Essays nos. 1-3 and 6 are abstruse and interrelated, nos. 4 and 5 are more specific, dealing with environmental politics and genetic engineering. Purdy puts the blame on "irony" for most of our current ills. He can get away with this because he never defines irony and so it can mean almost anything bad--not just the tragedy of unintended consequences but cynicism, narcissism, despair, political apathy, that jaundiced feeling, hard-heartedness, and so on. He makes a pretty good case for giving up on all this irony and becoming more emotional, more risk-taking, even taking a chance on politics--but then, it has to be HIS type of politics, as we find out in chapters 4 and 5.
Purdy's prose style is so beautiful I had almost forgotten he is only 25 until he veered into "political correctness"--that and the fact he is forever reminding us of how interconnected the human species is (honestly, he does everything but quote John Donne's "No man is an island").
I wish I could have given "For Common Things" four stars and I would have if the argument had flowed a little more smoothly and if the author had been a little less self-absorbed.
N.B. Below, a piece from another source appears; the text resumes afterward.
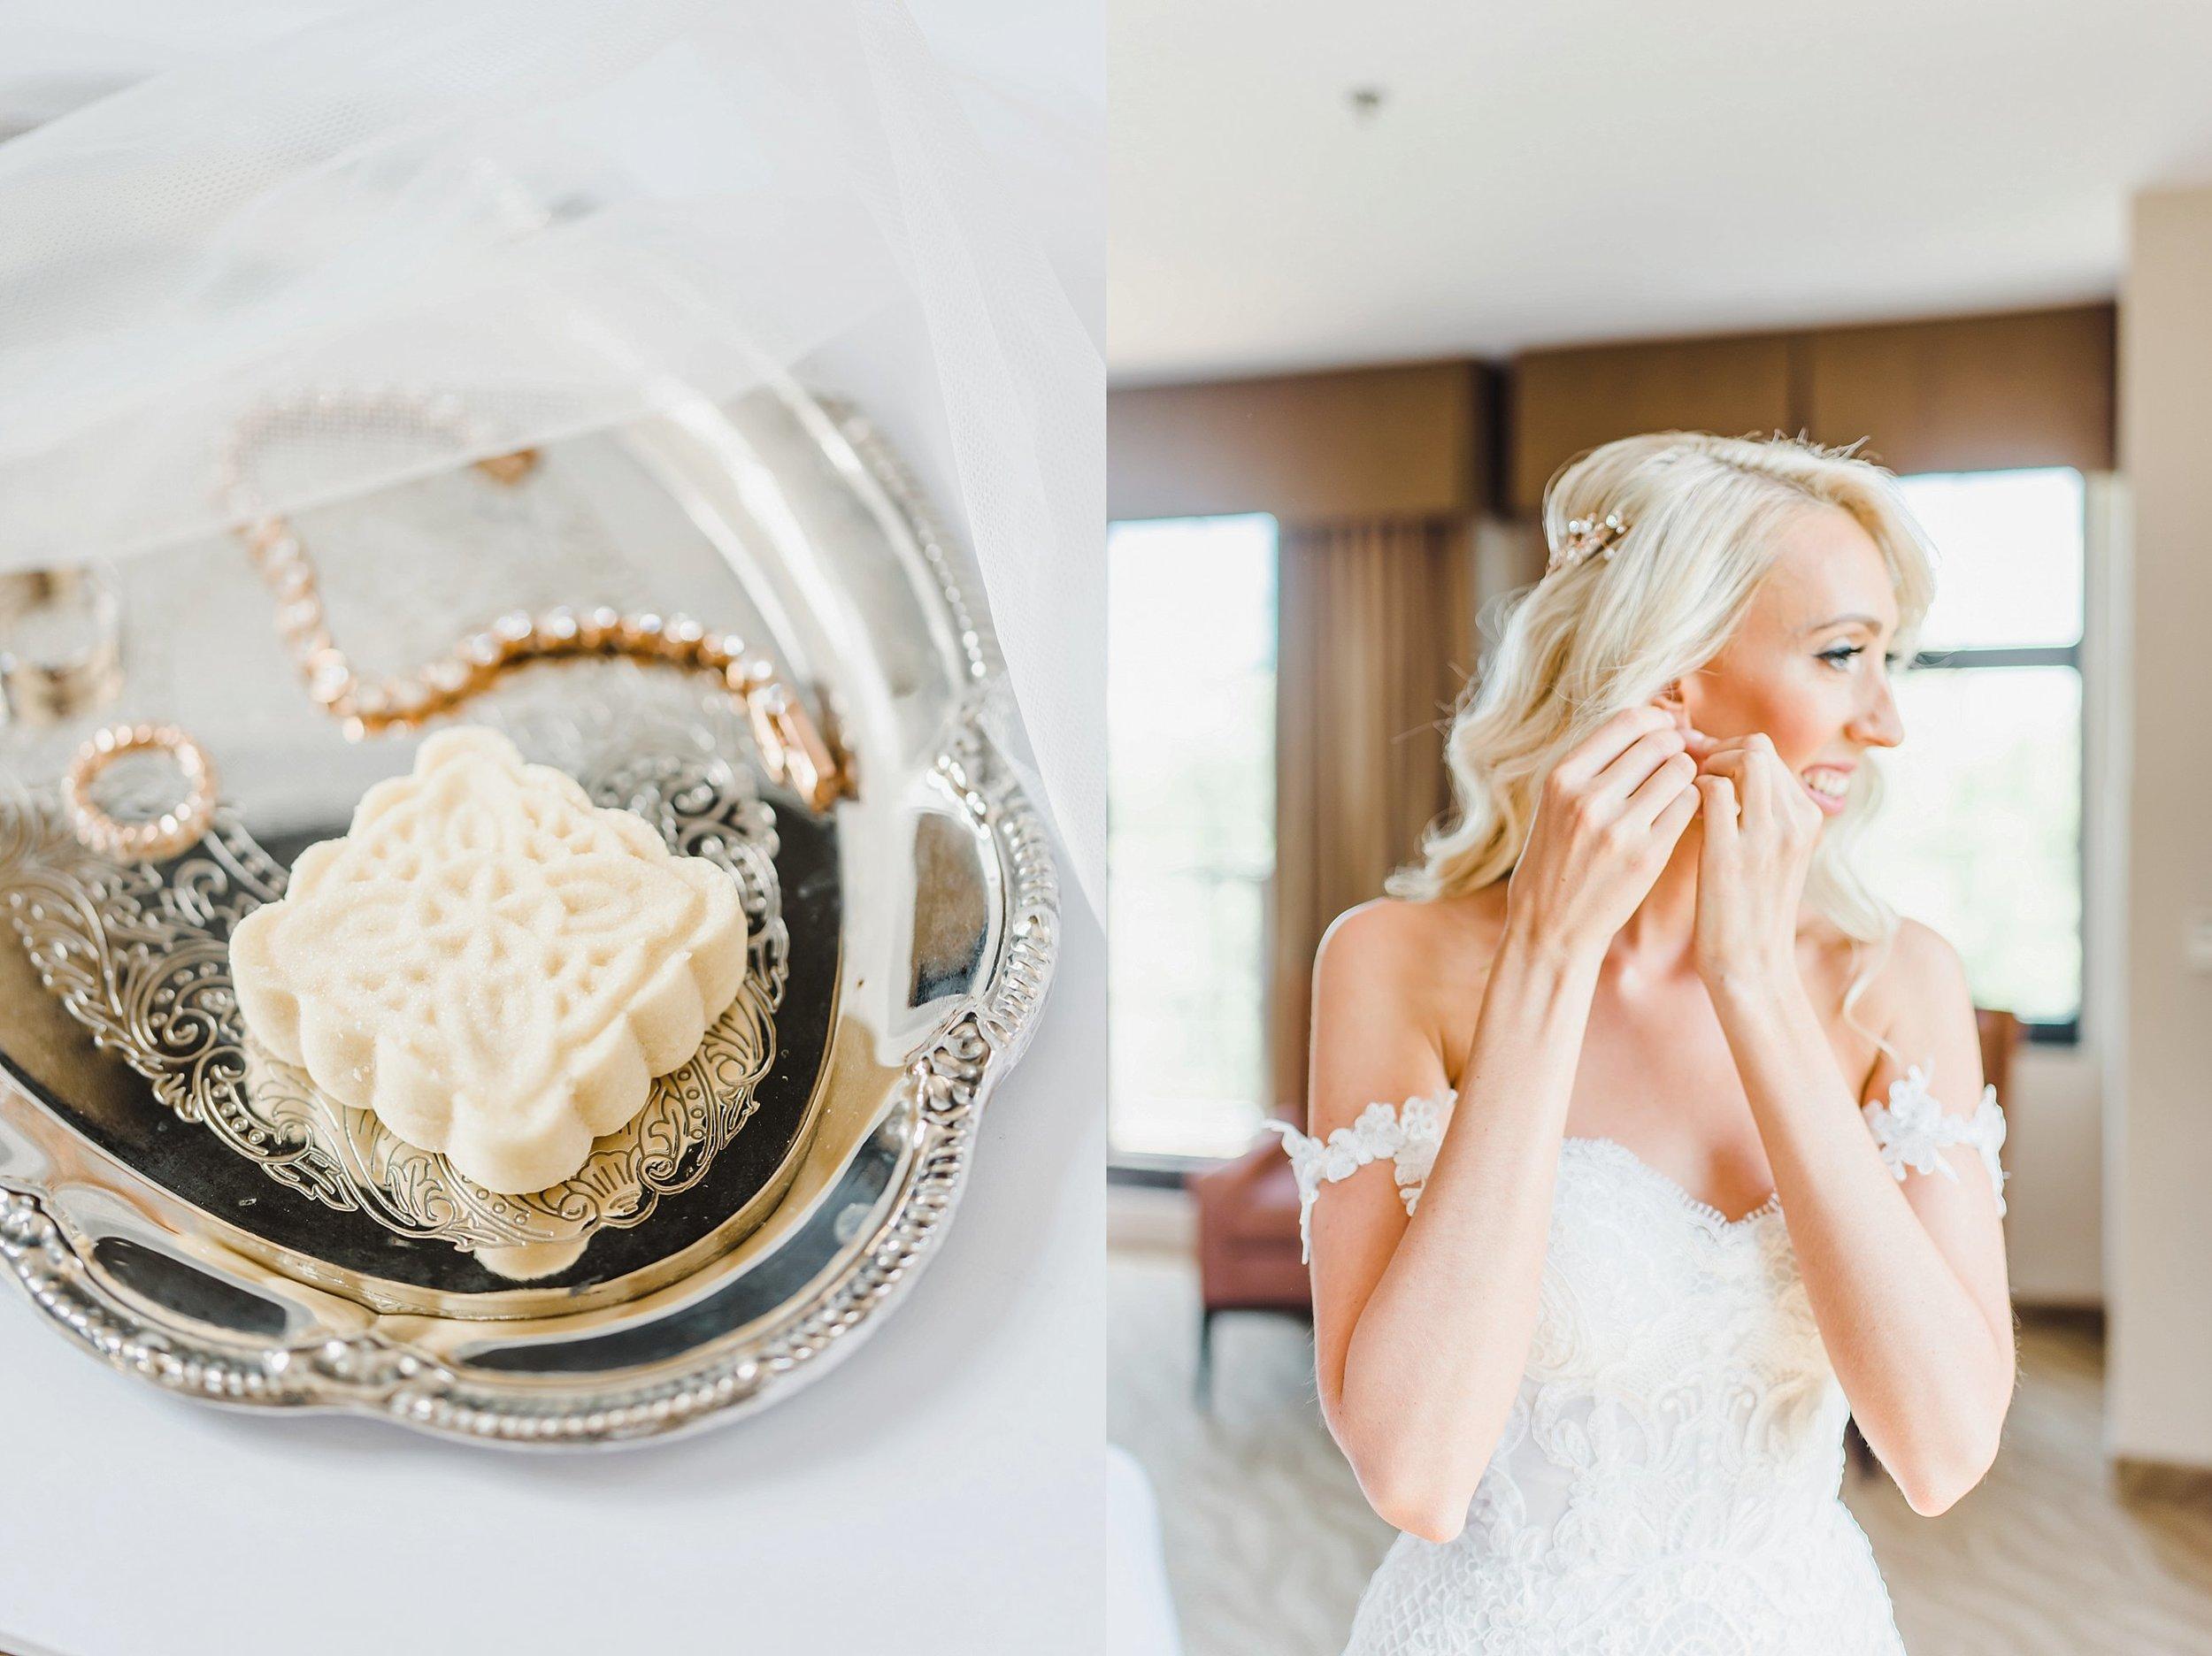 light airy indie fine art ottawa wedding photographer | Ali and Batoul Photography_0025.jpg

But he will undoubtedly mellow with age. Most of what I've seen written about him is unfair in the extreme: refusal to argue the merits of his book, shallow ad hominem attacks on his West Va. background and Ivy League education (some even want to pillory him for being a hick AND an East Coast snob--doubly unfair and doubly irrelevant). The book is worth reading, but don't push anyone out of the way to do so.